## Source data
_ _ _
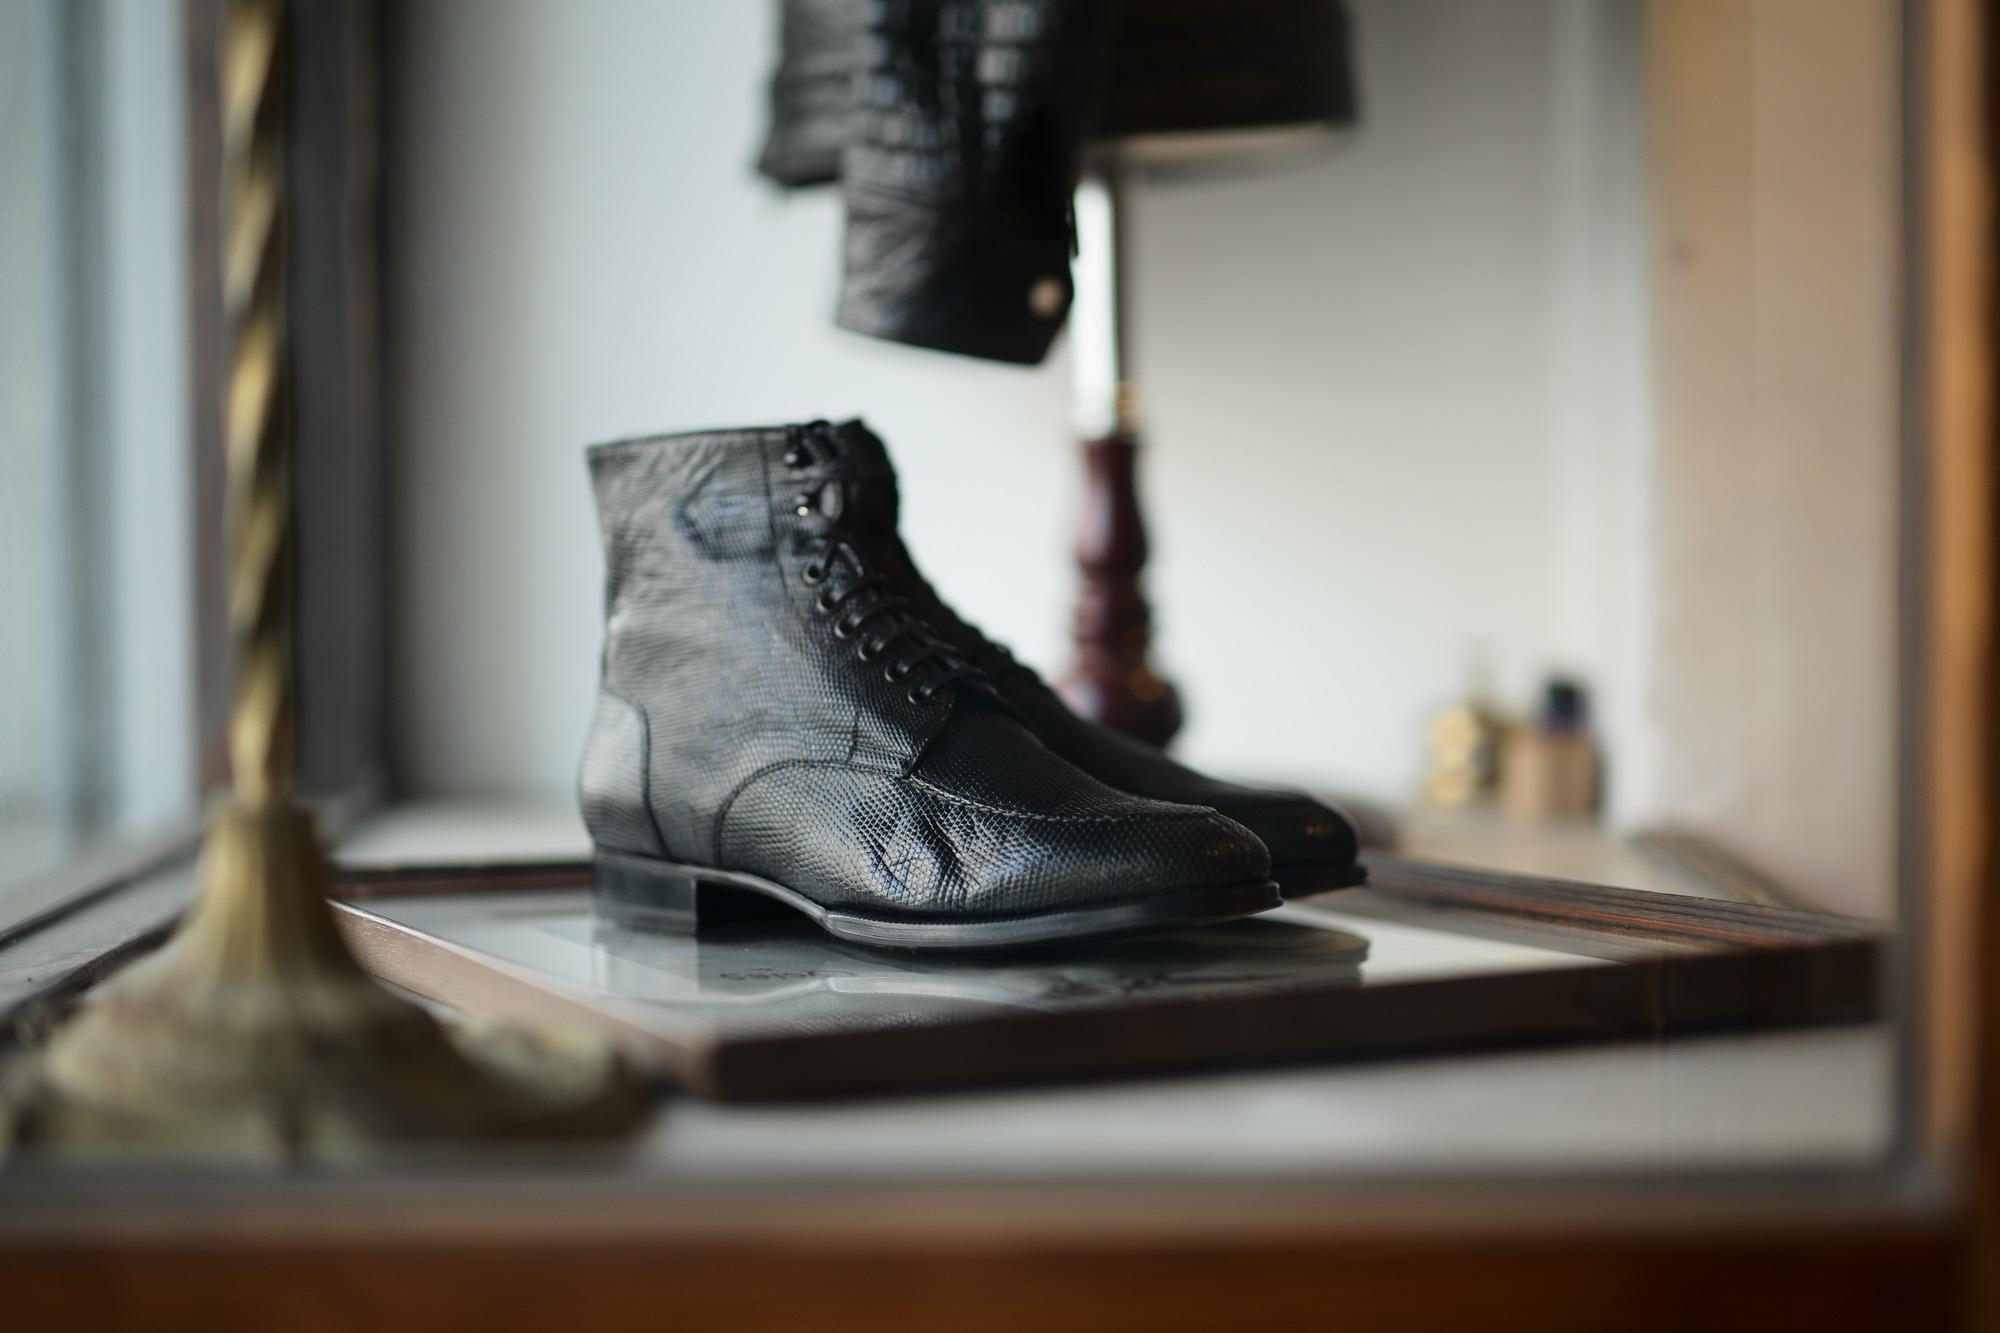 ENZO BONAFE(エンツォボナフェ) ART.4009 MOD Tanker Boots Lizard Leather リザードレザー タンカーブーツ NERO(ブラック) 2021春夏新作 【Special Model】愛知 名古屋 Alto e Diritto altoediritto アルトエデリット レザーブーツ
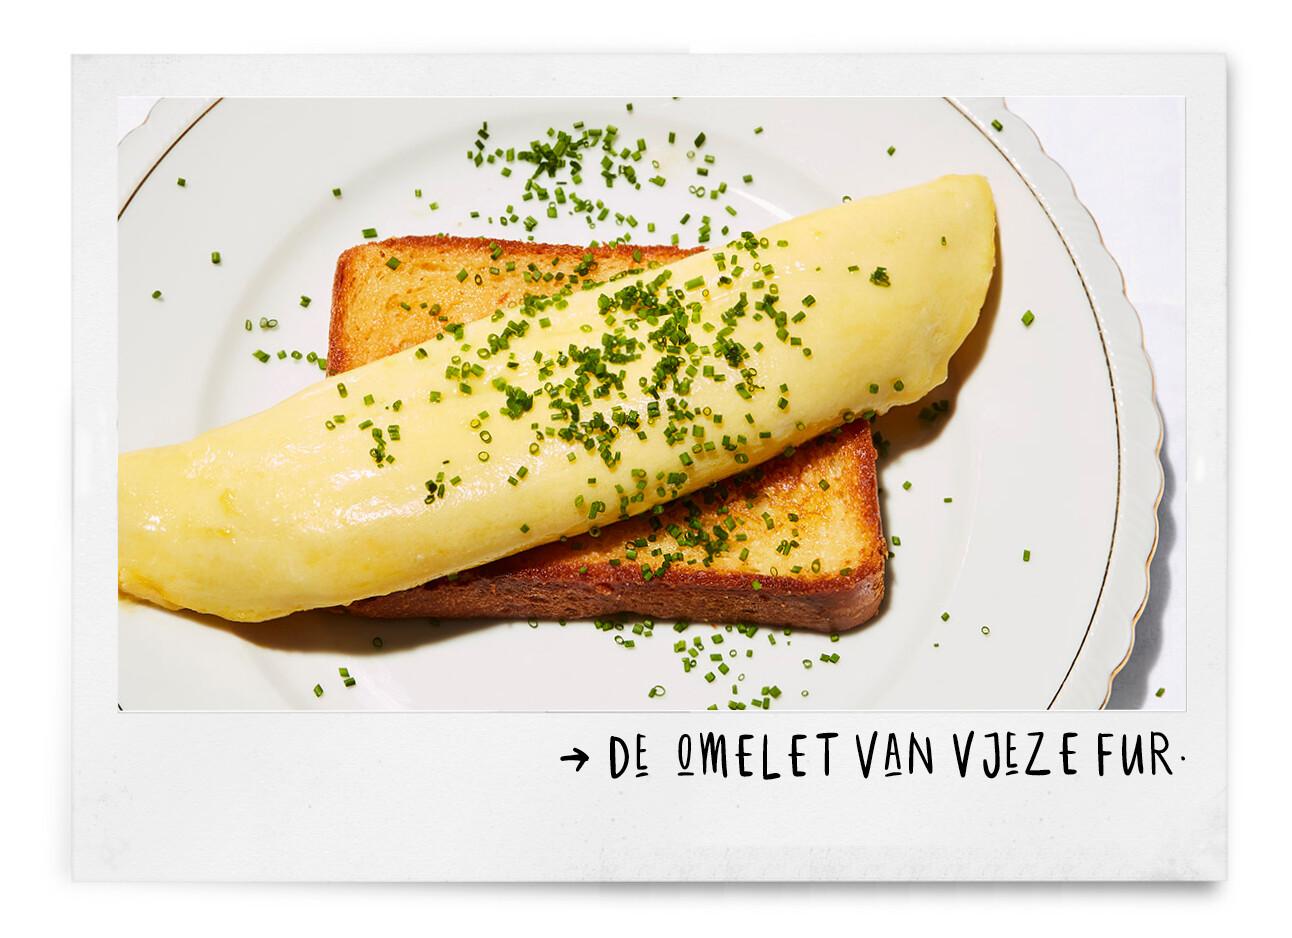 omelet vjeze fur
_ _ _
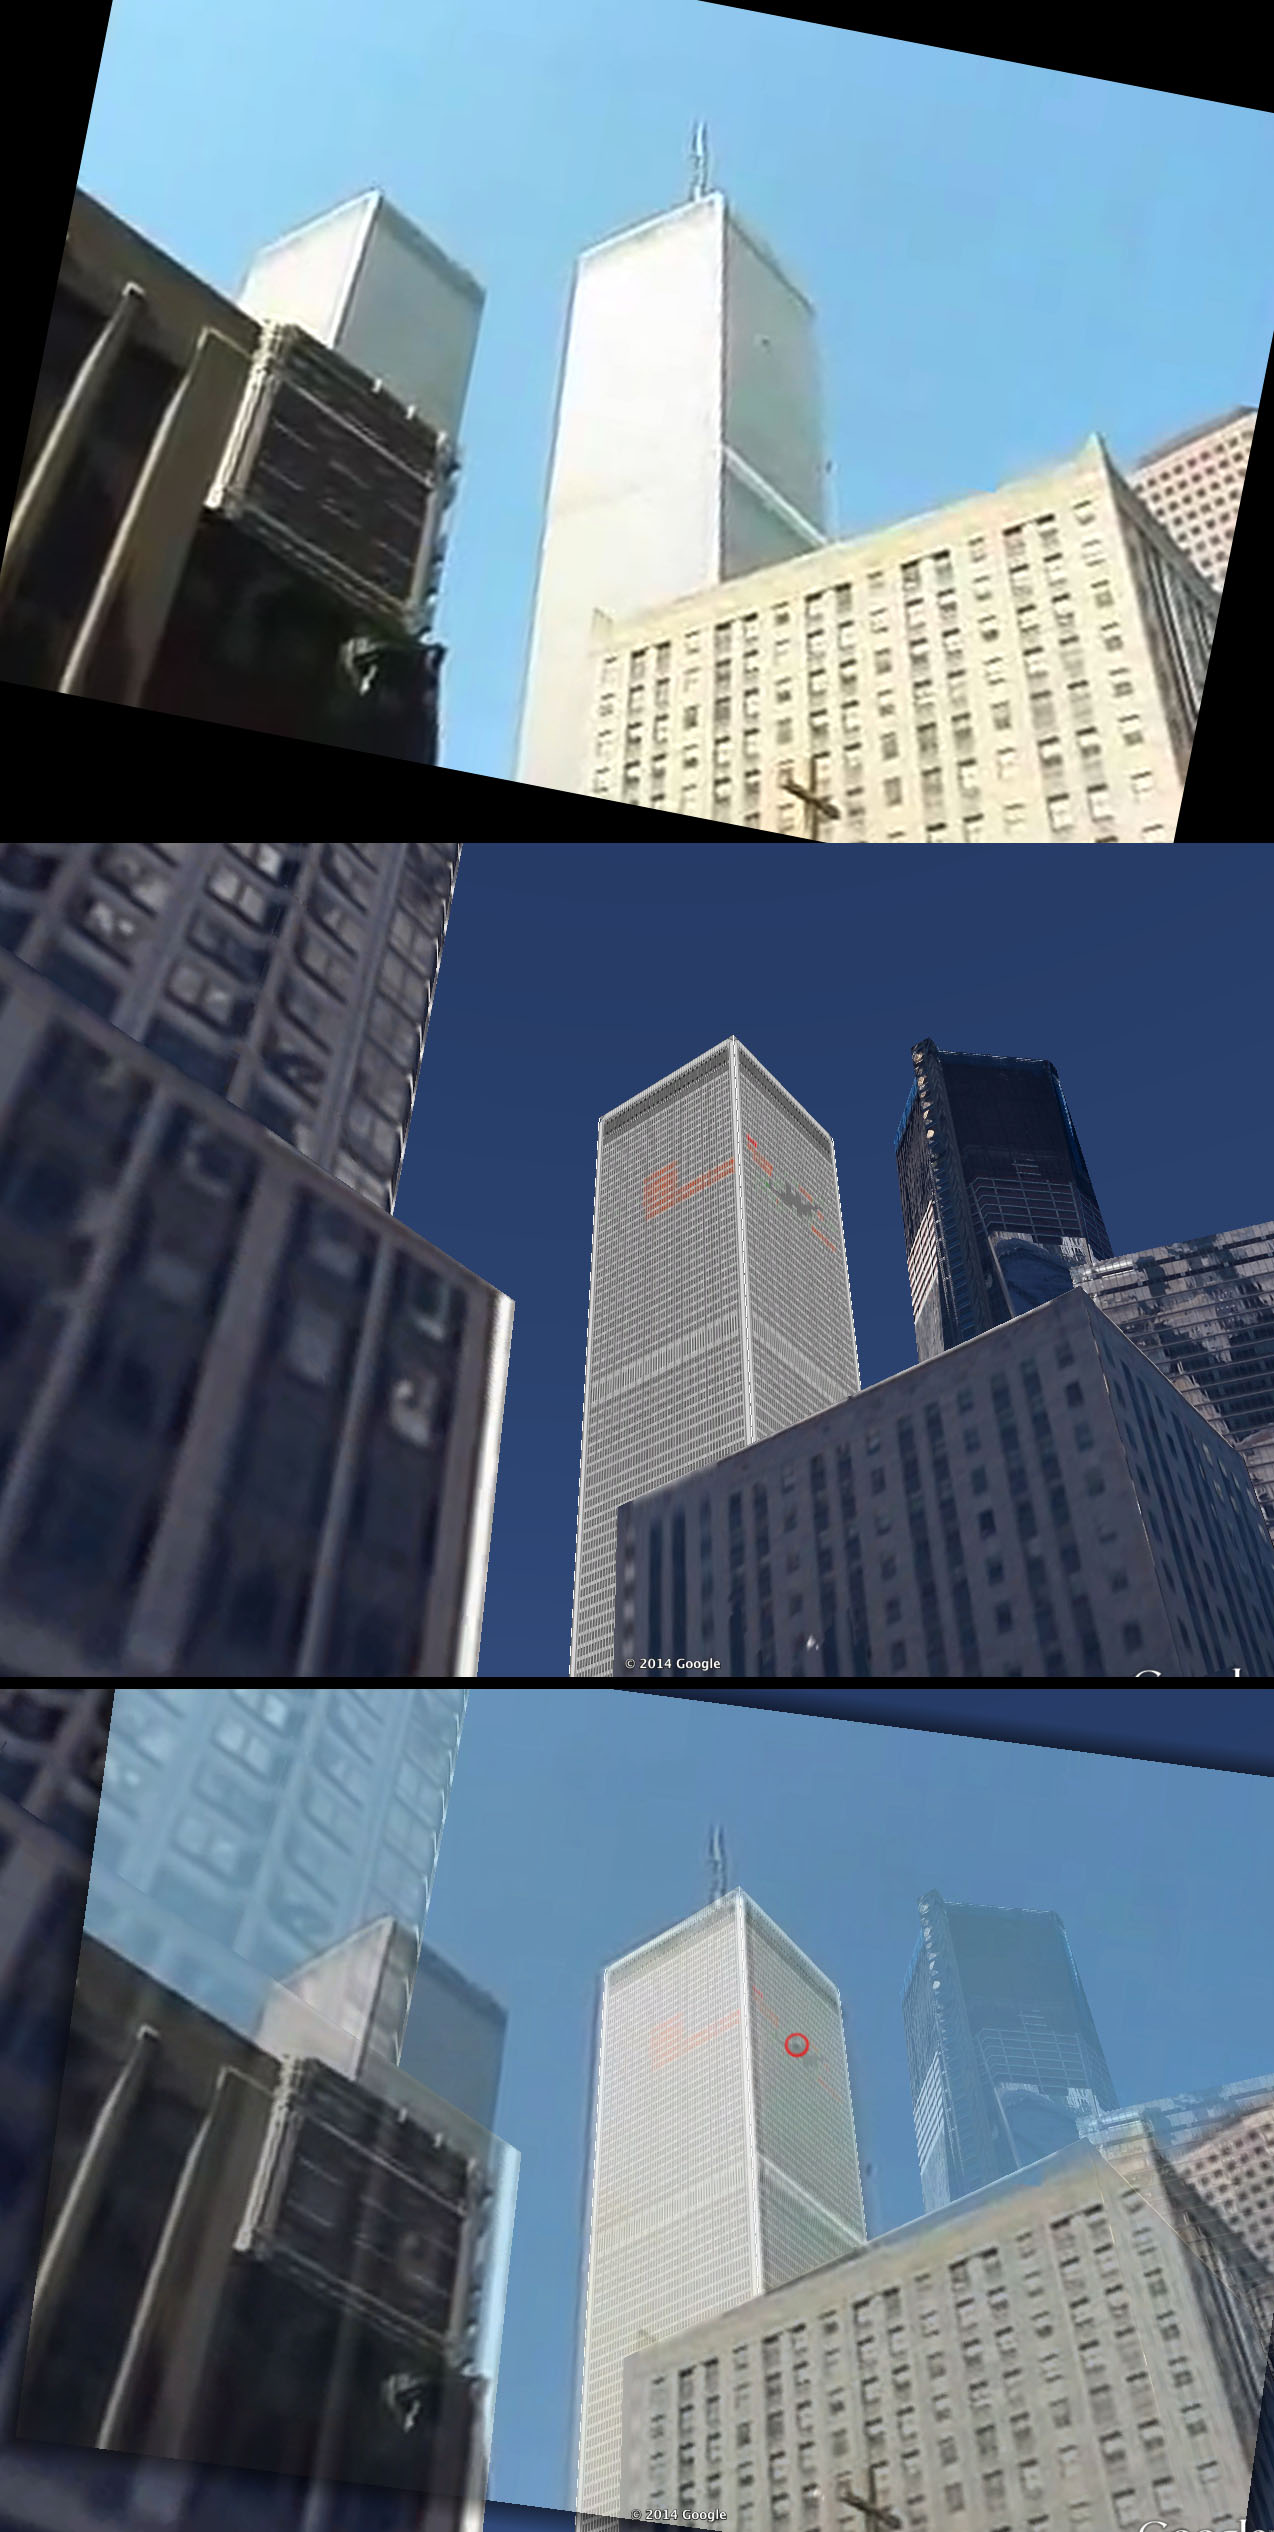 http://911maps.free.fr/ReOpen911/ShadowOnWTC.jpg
_ _ _
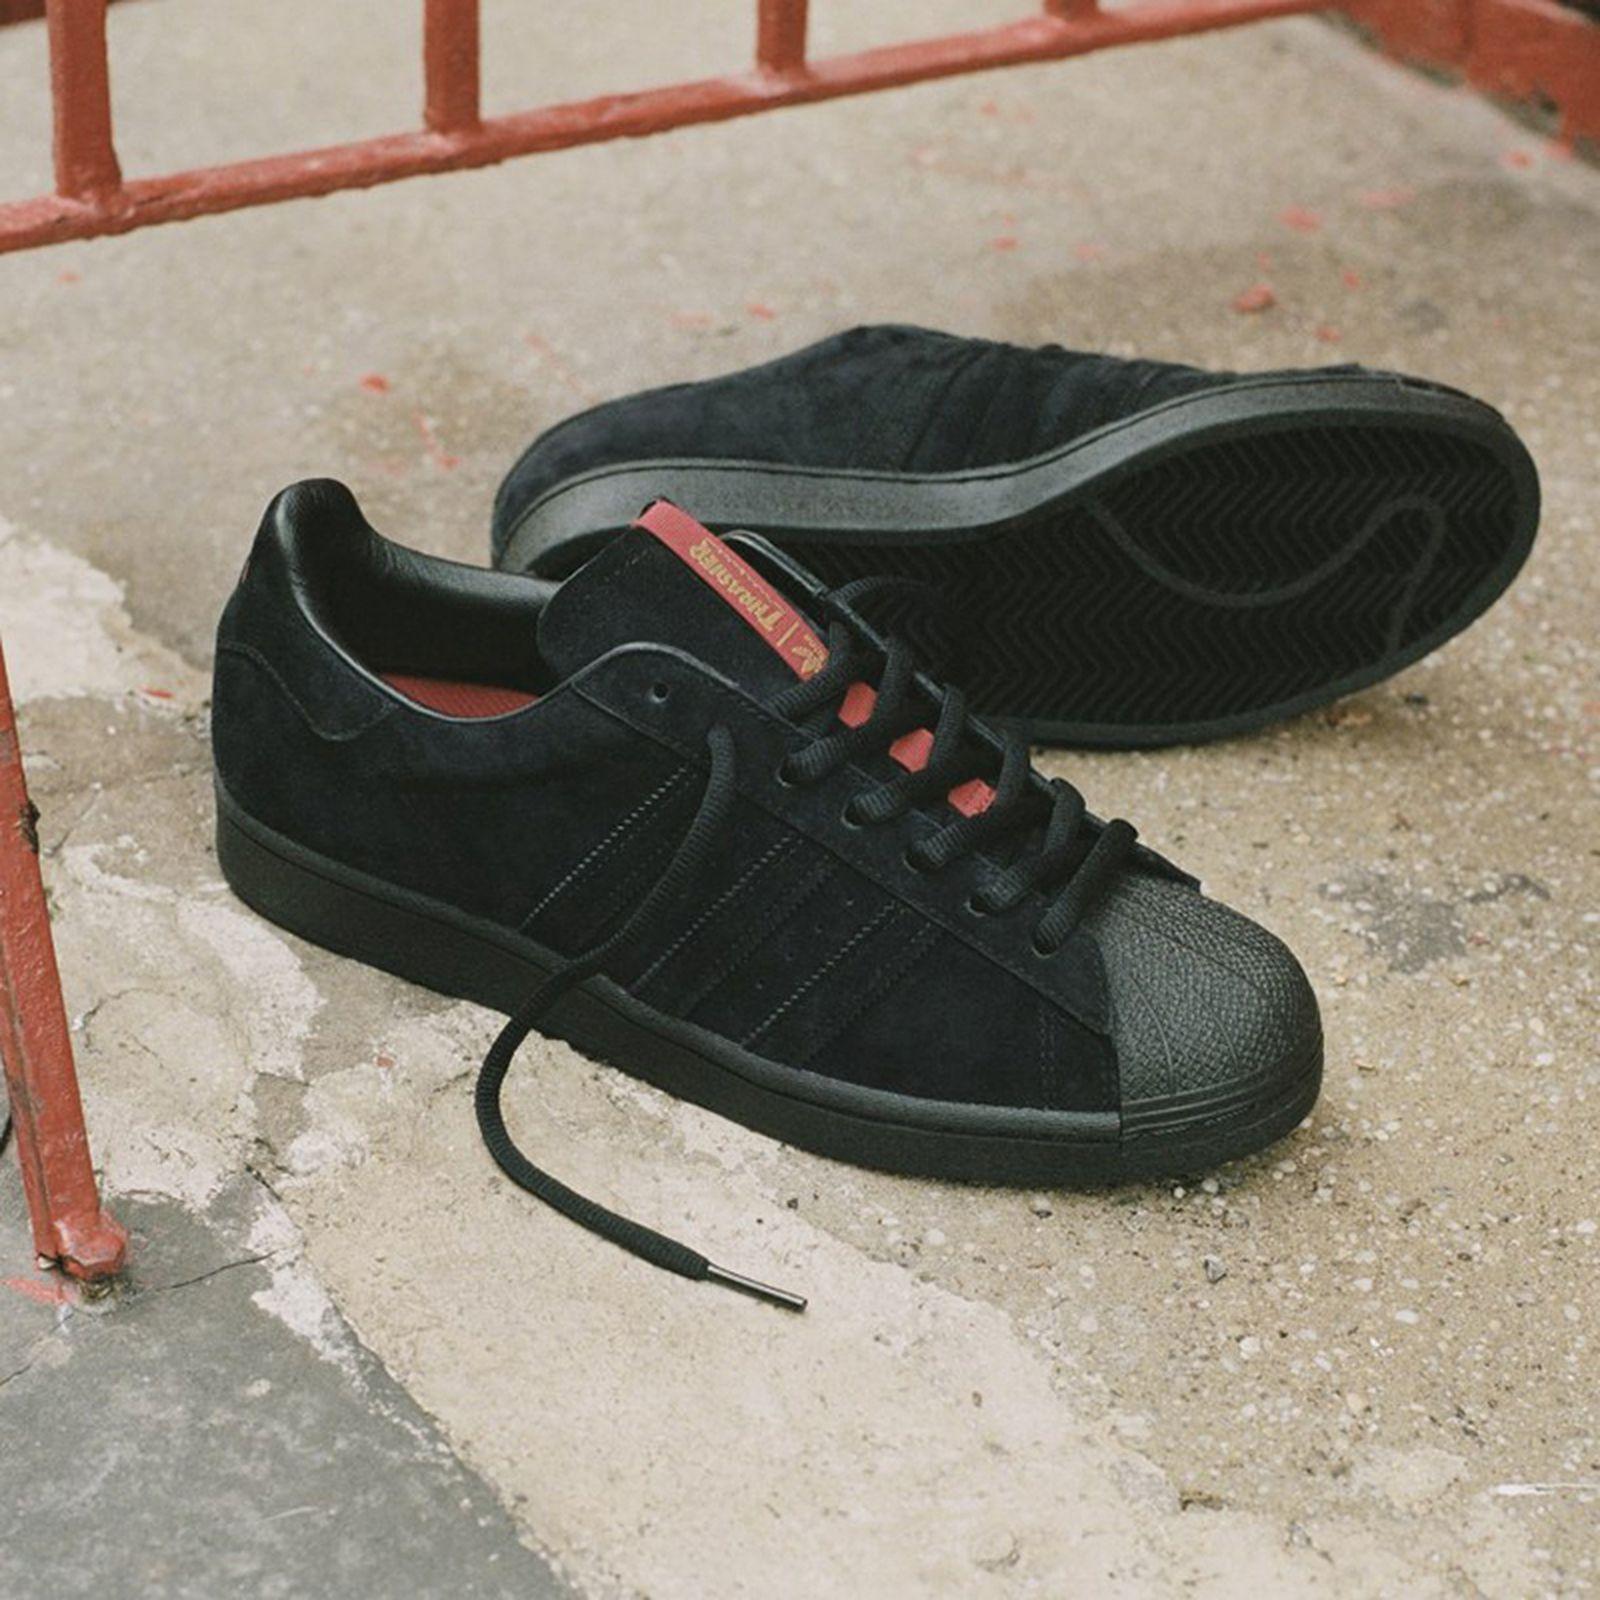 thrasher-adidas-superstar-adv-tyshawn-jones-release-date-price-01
_ _ _
## The task
Transcribe, exactly and without pictures, everything in the data from the line with "ENZO BONAFE(エンツォボナフェ) ART.4009" down to the line with "omelet vjeze fur", both included.

## Expected output
 ENZO BONAFE(エンツォボナフェ) ART.4009 MOD Tanker Boots Lizard Leather リザードレザー タンカーブーツ NERO(ブラック) 2021春夏新作 【Special Model】愛知 名古屋 Alto e Diritto altoediritto アルトエデリット レザーブーツ
 omelet vjeze fur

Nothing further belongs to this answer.